Ribozymes are RNA molecules with sequence-specific catalytic properties. They can be designed to target essential HIV genes, and can effectively inhibit HIV replication in vitro. Similar to antisense, ribozymes may target several steps in the viral life cycle, including "incoming" genomic RNA prior to reverse transcription, as well as viral RNA transcribed from the provirus. Ribozymes can also be designed to target conserved essential regions of the virus, and are capable of repeated interactions with the target RNA. Because they are not translated into proteins, they are considered to be less likely than transdominant proteins to elicit an immunological response. Several clinical studies using ribozymes are ongoing and some preliminary reports are available in abstract form. A T-cell study involving HIV discordant twins employs a hammerhead ribozyme targeted to the HIV-1 tat gene (37). This ribozyme, has been shown to inhibit HIV-1 replication (in both laboratory and primary clinical HIV-1 strains) in tissue culture systems (38). Retroviral vectors are used to mediate transfer of the ribozyme and a control neoR gene into CD4+ T-cells selected from apheresis samples. In 4 patients analyzed to date, transduced cells of each population (ribozyme and control) were found up to 10 months post-infusion. In a study using this ribozyme in CD34+ cells we have reported multilineage gene presence after at 3 months (39). Zaia and colleagues utilized an anti-HIV-1 tat and rev double hammerhead in a similar CD34+ cell study. Long-term bone marrow cultures of ribozyme transduced cells showed protection from HIV challenge compared to control-transduced cells.

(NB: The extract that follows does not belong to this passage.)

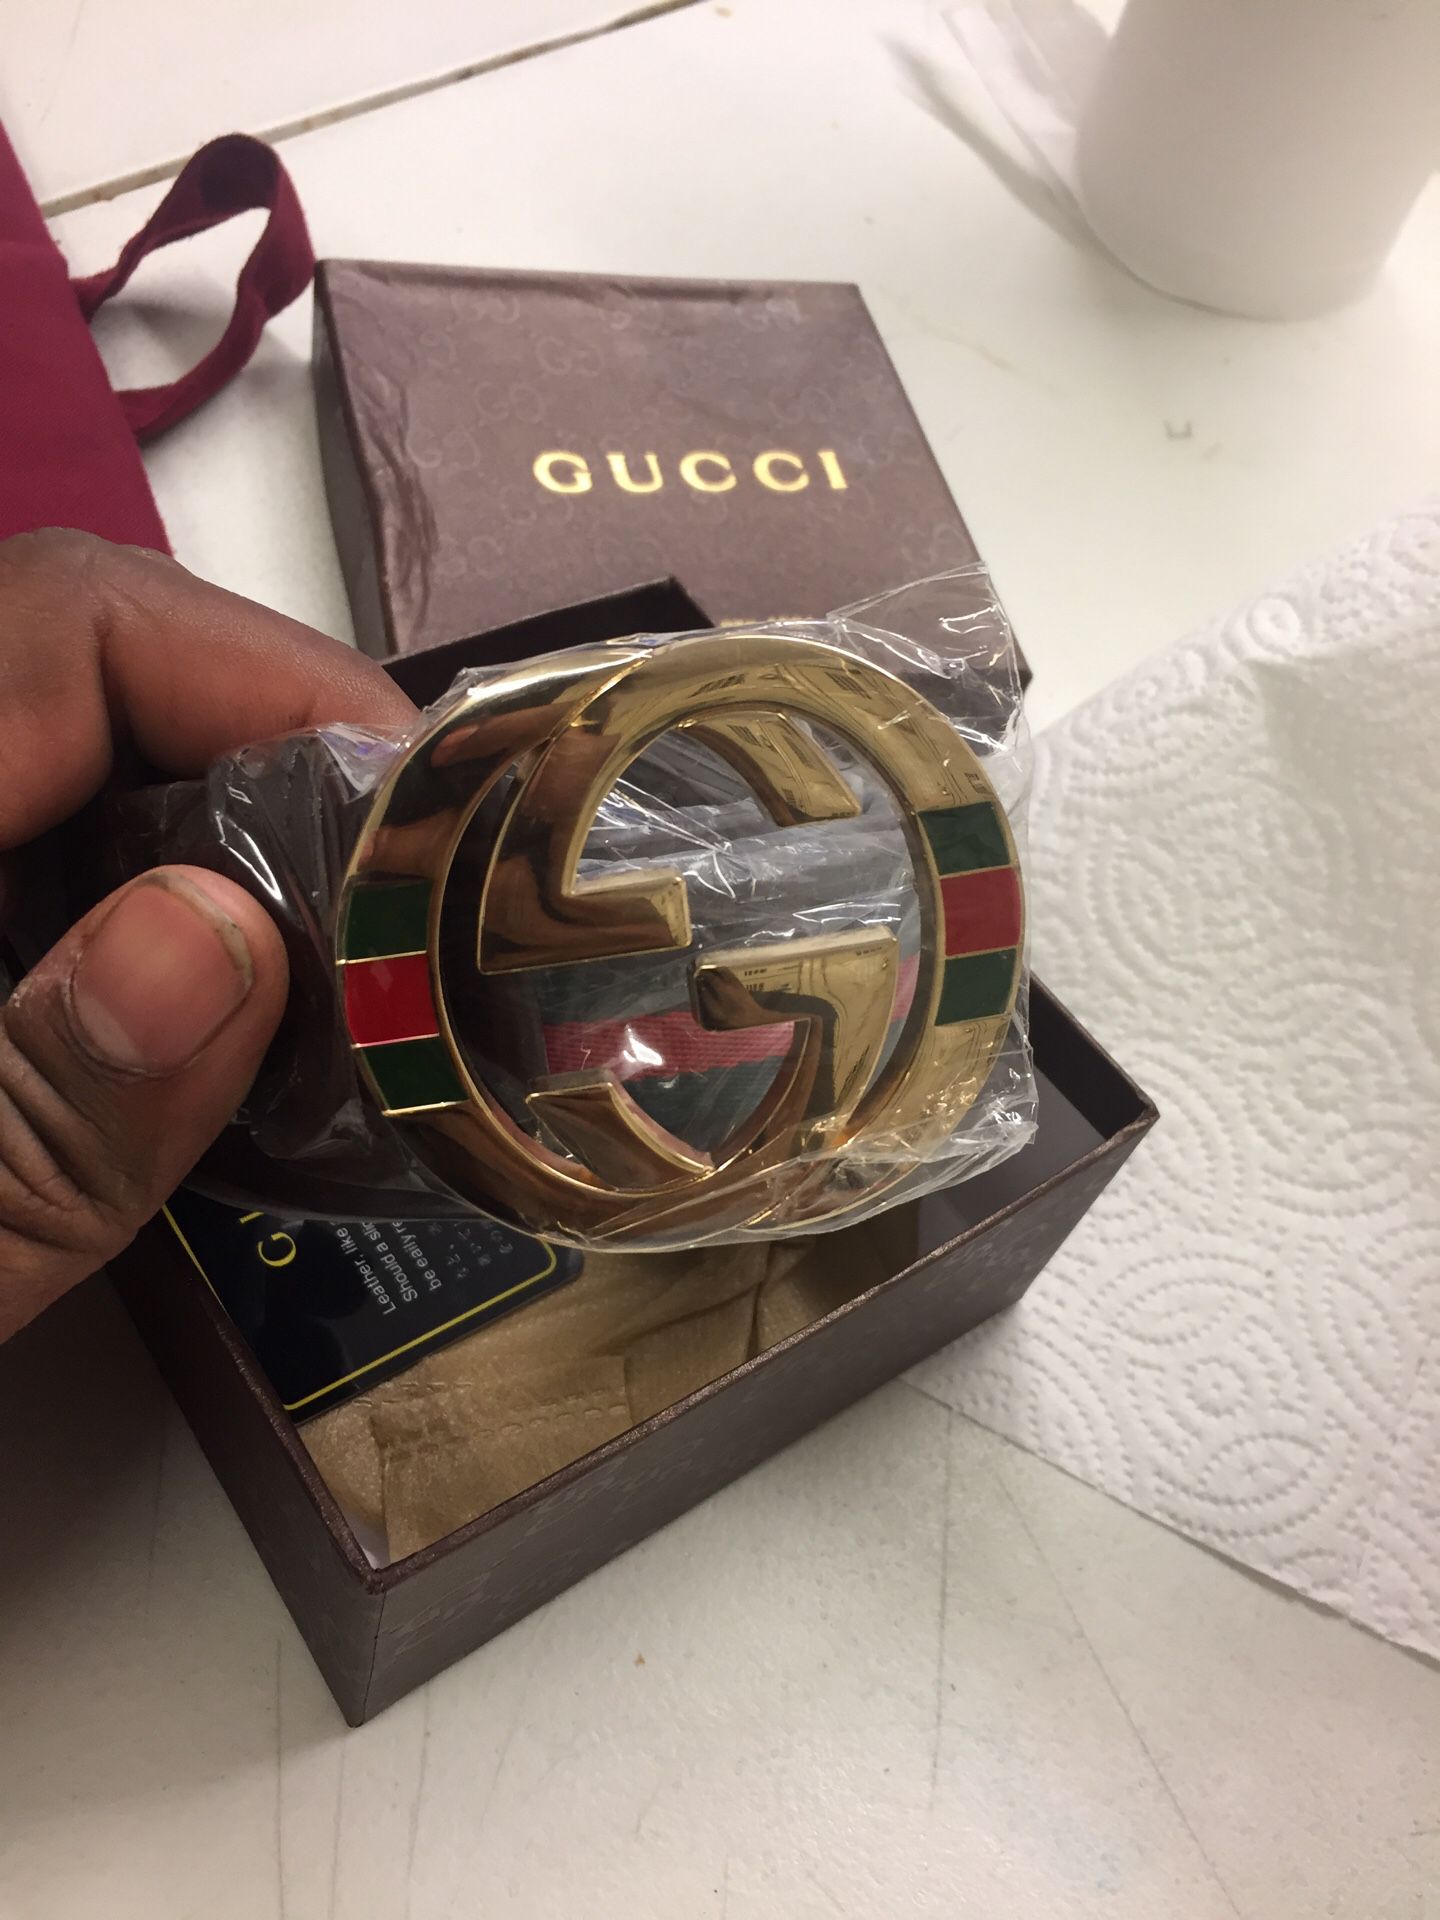 Gucci belt 120$

In 2 of 4 patients observed for at least 12 months, vector sequences were detectable by DNA PCR in PBMC and/or marrow at 6 months but not at 9 or 12 months post-infusion, and a third patient was positive in PBMC at 4 months post-infusion (40). These studies demonstrate the feasibility of further ribozyme gene therapy clinical research for HIV infection.

8. Summary

Although highly active pharmacological regimens can effectively control viral replication and contribute to partial immune reconstitution, these agents have not been associated to date with eradication of the virus, and their efficacy is undermined by the development of resistant strains that can be transmitted. There is clearly a need for alternative therapeutic modalities. Studies of immune reconstitution in the SCID-hu system and in human drug therapy trials have demonstrated that T-cell development can occur if viral replication is kept in check. Although the current gene therapy experience for AIDS has not resulted in toxicity to date, it has only been associated with preliminary evidence of efficacy, as indicated by an outgrowth of cells carrying protective genes. The available pre-clinical and clinical results support the clinical application of more efficient methods of gene transfer and expression in combination with pharmacological and immune-based therapies.